[Data for analysis]:
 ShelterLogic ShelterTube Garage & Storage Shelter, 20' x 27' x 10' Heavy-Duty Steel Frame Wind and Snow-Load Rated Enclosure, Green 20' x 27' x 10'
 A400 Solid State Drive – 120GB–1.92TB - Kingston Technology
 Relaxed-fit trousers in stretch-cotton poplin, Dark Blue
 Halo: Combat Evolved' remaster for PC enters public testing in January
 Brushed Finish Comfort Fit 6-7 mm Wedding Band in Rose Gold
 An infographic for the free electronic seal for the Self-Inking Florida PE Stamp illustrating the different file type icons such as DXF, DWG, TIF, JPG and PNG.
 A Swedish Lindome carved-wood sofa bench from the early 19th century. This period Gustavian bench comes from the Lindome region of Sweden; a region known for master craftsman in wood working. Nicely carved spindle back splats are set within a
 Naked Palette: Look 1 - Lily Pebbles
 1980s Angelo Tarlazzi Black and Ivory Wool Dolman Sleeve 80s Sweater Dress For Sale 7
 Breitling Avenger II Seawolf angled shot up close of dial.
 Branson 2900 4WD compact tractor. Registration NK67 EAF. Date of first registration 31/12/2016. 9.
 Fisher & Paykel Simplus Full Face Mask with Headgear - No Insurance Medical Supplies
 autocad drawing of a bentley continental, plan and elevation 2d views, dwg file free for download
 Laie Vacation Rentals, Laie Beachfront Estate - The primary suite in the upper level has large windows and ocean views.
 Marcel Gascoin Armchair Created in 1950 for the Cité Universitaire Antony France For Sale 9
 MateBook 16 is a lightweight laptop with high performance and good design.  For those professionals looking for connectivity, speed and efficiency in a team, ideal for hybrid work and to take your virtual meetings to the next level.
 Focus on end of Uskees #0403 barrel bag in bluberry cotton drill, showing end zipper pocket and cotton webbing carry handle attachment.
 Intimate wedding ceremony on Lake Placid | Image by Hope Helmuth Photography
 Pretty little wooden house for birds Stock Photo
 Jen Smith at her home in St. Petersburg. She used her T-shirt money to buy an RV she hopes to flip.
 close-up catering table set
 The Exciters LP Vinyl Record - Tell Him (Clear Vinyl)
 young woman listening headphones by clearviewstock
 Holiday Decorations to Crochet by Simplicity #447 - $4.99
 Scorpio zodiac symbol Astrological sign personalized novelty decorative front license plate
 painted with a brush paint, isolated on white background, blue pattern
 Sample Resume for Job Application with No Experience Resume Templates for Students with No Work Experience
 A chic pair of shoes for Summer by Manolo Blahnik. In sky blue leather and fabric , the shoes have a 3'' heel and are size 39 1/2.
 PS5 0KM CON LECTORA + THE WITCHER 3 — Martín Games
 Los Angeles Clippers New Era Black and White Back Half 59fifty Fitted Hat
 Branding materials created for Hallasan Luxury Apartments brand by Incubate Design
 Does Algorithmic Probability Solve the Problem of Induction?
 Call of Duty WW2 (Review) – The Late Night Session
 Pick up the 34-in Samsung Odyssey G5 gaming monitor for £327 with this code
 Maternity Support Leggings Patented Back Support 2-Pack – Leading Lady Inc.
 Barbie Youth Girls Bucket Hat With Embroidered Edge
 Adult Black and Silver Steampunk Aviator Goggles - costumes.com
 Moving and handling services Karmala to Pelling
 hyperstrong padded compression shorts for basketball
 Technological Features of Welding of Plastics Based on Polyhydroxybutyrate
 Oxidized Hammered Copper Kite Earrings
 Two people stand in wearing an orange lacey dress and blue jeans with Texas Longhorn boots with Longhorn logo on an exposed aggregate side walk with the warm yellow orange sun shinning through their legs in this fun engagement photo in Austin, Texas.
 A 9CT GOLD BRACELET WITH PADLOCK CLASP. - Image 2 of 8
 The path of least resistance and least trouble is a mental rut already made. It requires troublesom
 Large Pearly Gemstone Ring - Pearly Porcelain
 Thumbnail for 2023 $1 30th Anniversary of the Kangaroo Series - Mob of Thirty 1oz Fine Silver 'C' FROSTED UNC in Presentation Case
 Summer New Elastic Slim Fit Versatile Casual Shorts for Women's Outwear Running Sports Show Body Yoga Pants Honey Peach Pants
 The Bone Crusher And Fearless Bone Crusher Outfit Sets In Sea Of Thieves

[The task]:
Return only the stretch of the material above from the line holding "Does Algorithmic Probability" through the line holding "Adult Black and", copied exactly.

[Result of the task]:
 Does Algorithmic Probability Solve the Problem of Induction?
 Call of Duty WW2 (Review) – The Late Night Session
 Pick up the 34-in Samsung Odyssey G5 gaming monitor for £327 with this code
 Maternity Support Leggings Patented Back Support 2-Pack – Leading Lady Inc.
 Barbie Youth Girls Bucket Hat With Embroidered Edge
 Adult Black and Silver Steampunk Aviator Goggles - costumes.com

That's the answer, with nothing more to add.